As for those who “can’t be bothered”, those who have just drifted apart – well, we can only speculate. Is it that they can’t be bothered to tolerate their partners less desirable qualities? Or don’t care to invest the time and energy to work on compromises? Maybe they didn’t love each other enough in the first place. Not that love offers any guarantees, in fact, the survey conducted by the University of Colombo revealed that out of those divorced, 58% had 'married for love’.




Are we marrying too young and then growing apart? Discovering we don’t like who the other person really is? Or are we marrying later and then finding we are too set in our ways to make the adaptations marriage demands? The average age of divorce seems to indicate the former.




Or maybe, like so many experiences in modern life it’s important to simply say 'been there, done that’.

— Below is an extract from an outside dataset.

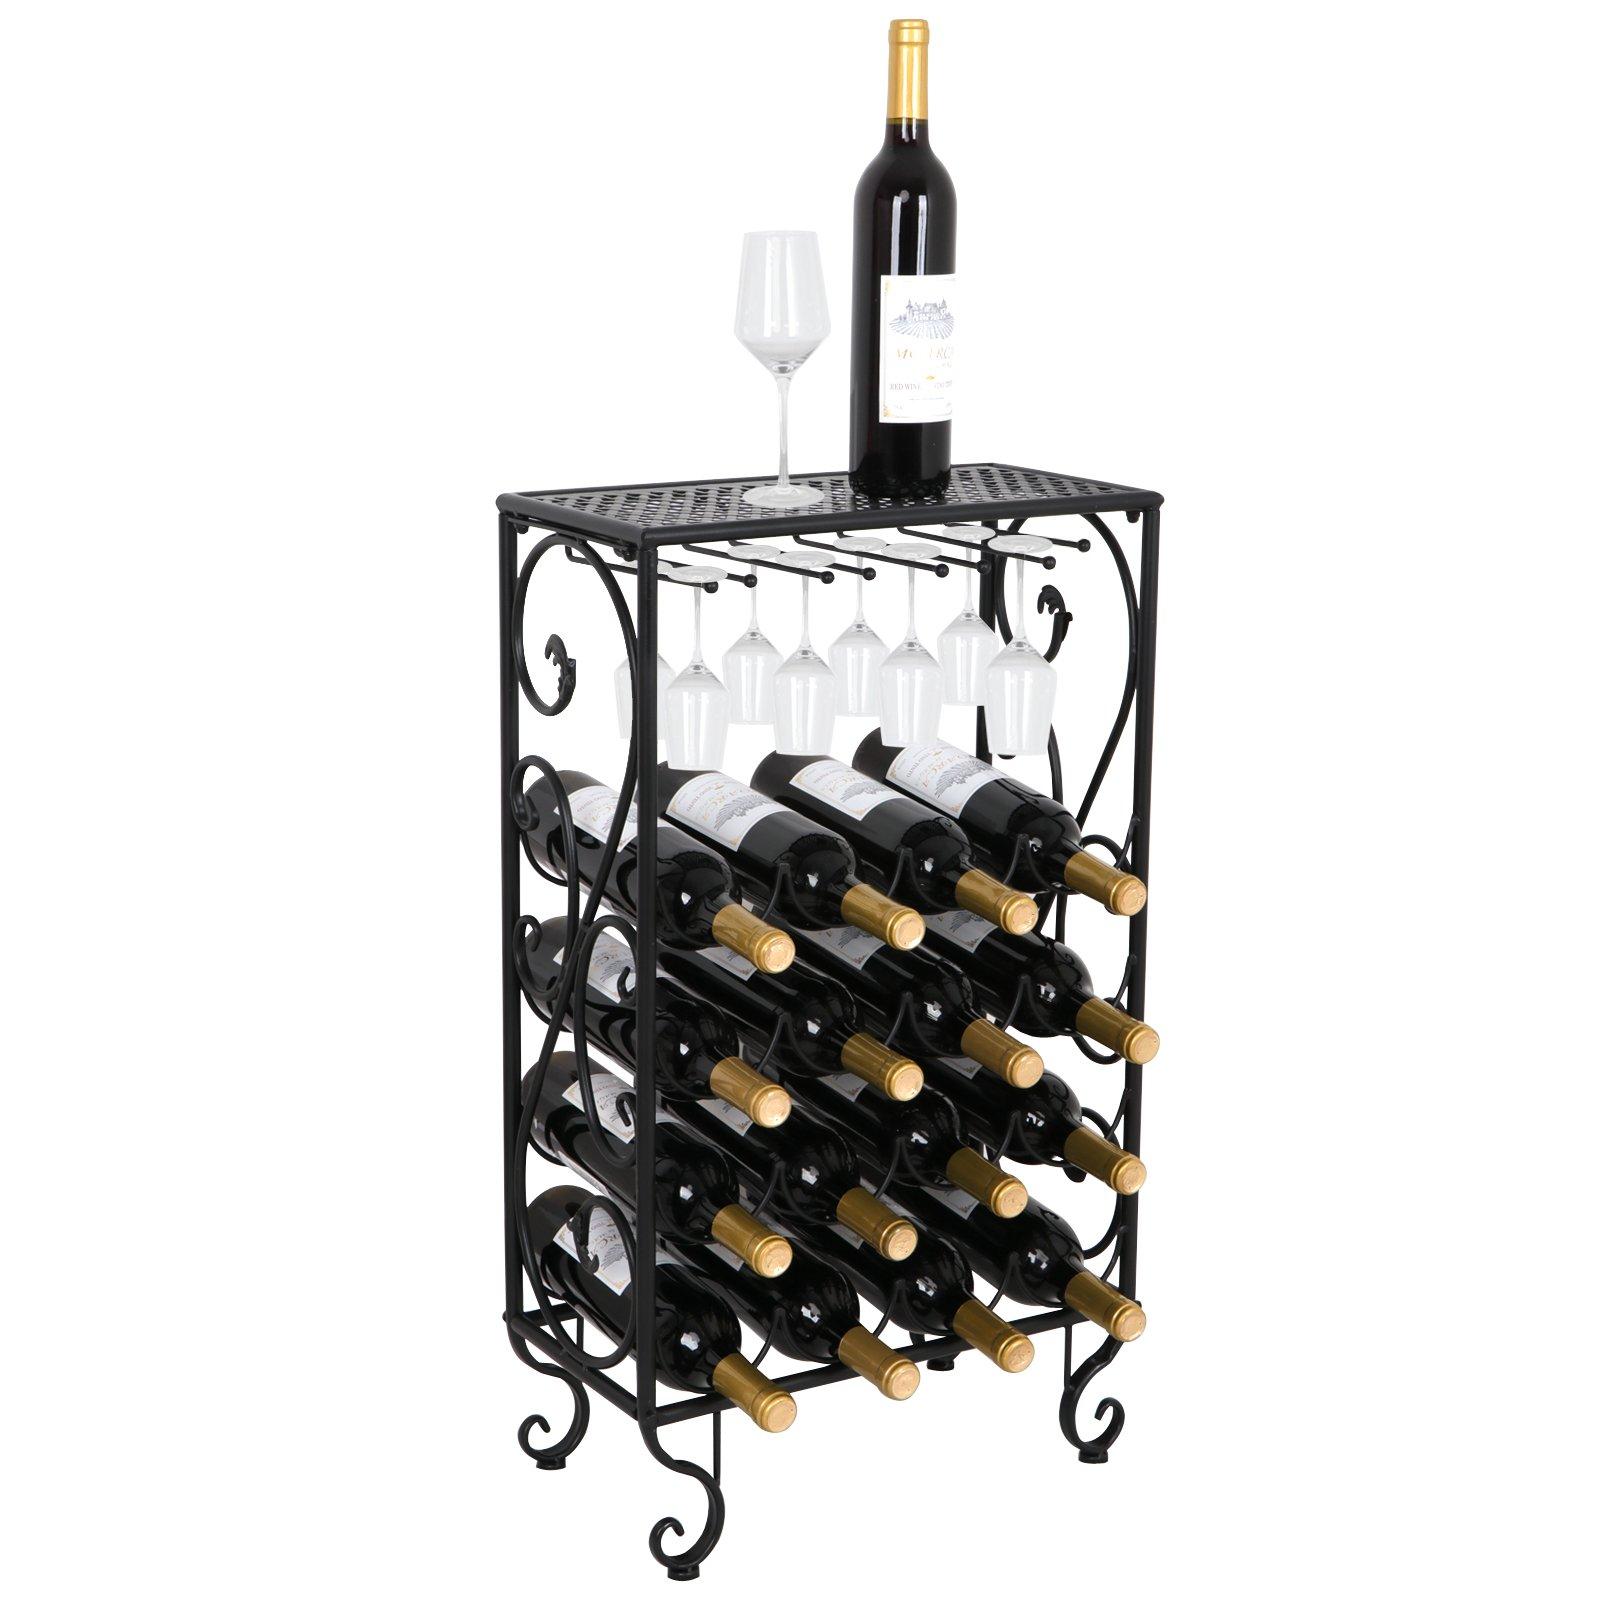 ZENY 16 Bottle Wine Storage Rack,Wine Bottle Holder Origanizer Display Rack Free Standing w/Glass Holder and Counter Top,Steel
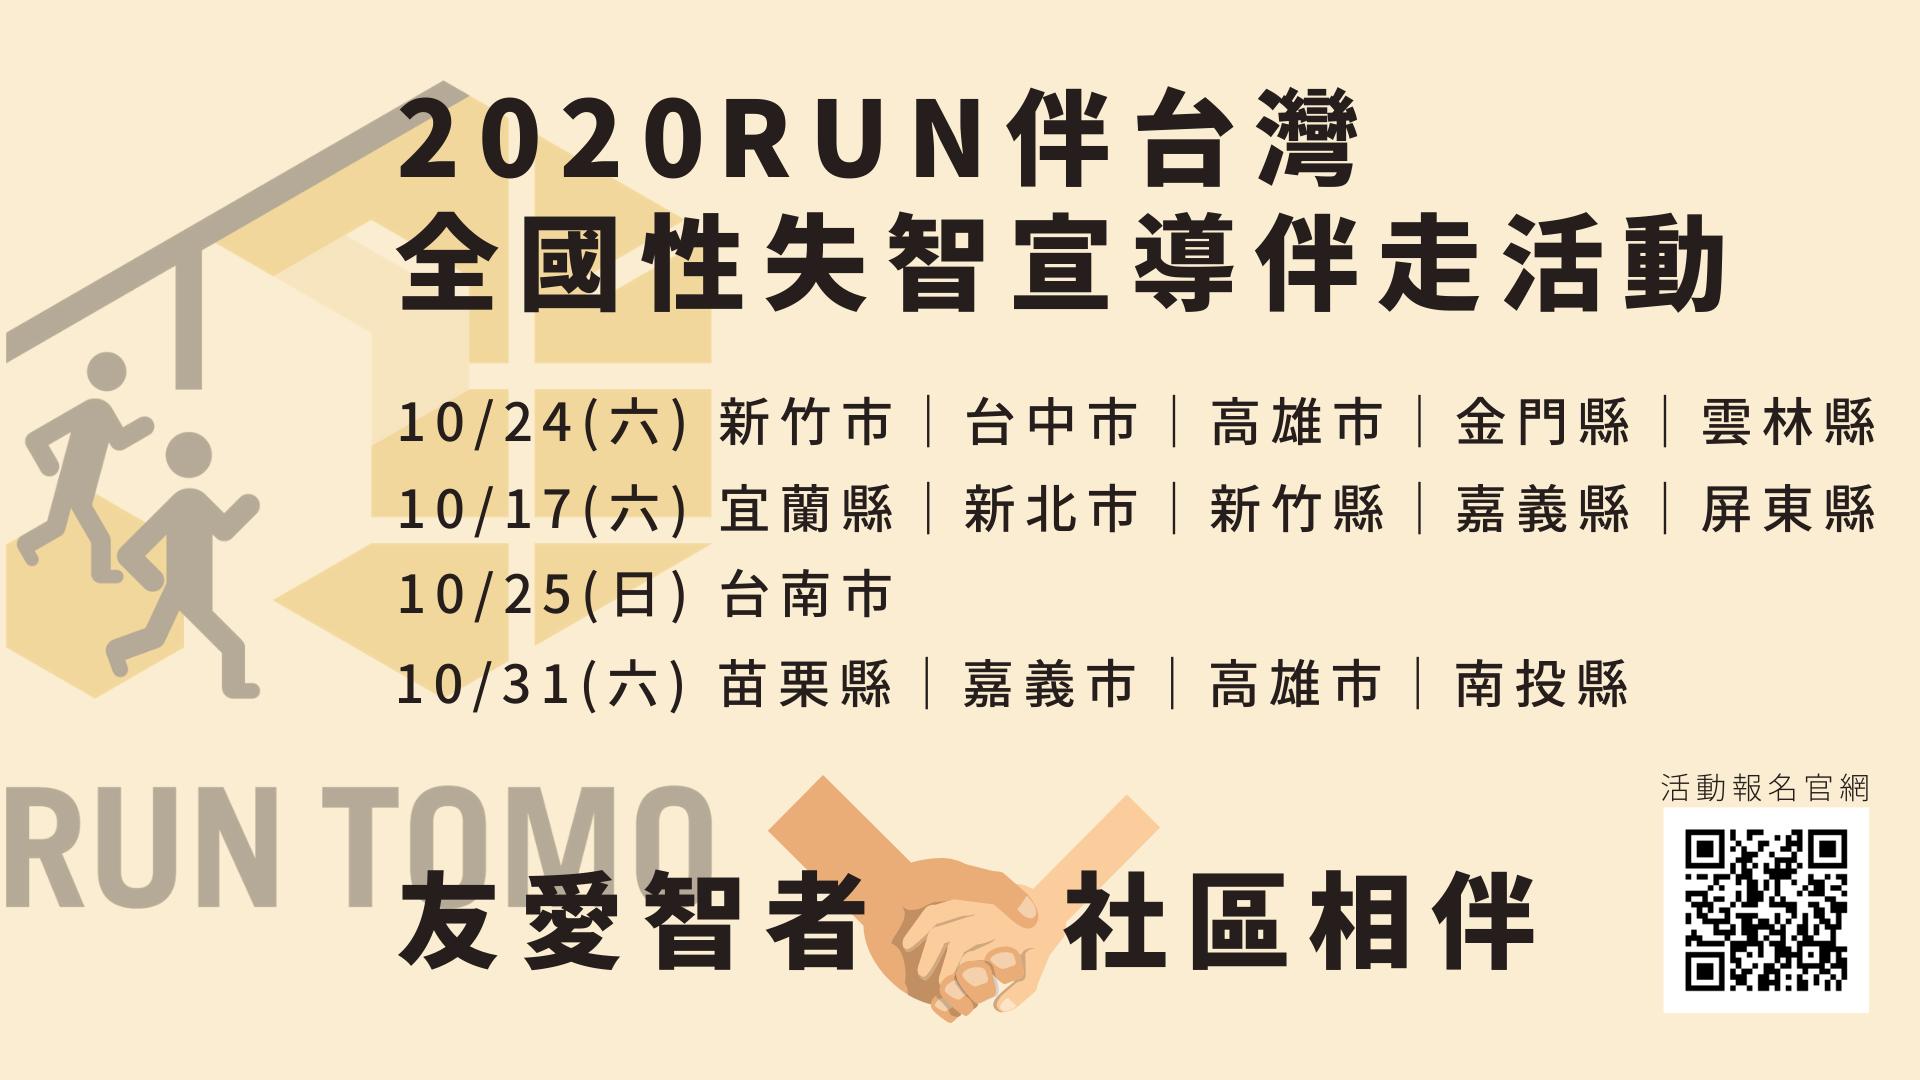 2020 RUN伴台灣|全國性失智宣導伴走活動

Ultimately let’s just be fair – divorce has long been recognized as one of the most stressful things a person can go through Getting divorced can lead to several mental and physical health problems” explains Paula Hall, relationship psychotherapist at charity Relate  "Stress, anxiety, depression and panic attacks are not uncommon when people get divorced”. So it’s not EASY for anyone. Maybe we should accept that there are things that we can never know about what goes on in the intimacy of a marriage. 35 year old Rehan* discovered this for himself recently “When close friends announced they were splitting up last year we were totally shocked. Frankly we thought they were the perfect couple – my wife and I even had discussed the fact that we wished our marriage and relationship was more like theirs! I guess it just goes to show – what you see doesn’t always represent what’s really going on in a relationship. It also opened my eyes. My marriage is the one that’s stable and happy. I won’t be making anymore comparisons! ”

Let’s get real. Instead of being horrified at the rising divorce rates maybe we should be doing more to prepare the next generation for making better choices when it comes to marriage. Let’s stop representing marriage as the be all and end all, some 'most desirable’ state. Let’s be truthful and admit that marriage is HARD and takes constant work, attention and maintenance. Let’s give our children the tools to handle marriage before they get married. Let’s delete the 'happily ever after” in the stories, and substitute it with “and they worked hard, everyday, to make sure that they were both happy and fulfilled”. Let’s stop worrying about what the neighbours think and allow our children to live with their partners before marrying (now there’s a topic for a whole OTHER article!). And most of all, let those of us who are married and managing, thank our lucky stars we aren’t among the daily 400, and make sure we make every effort to keep it that way.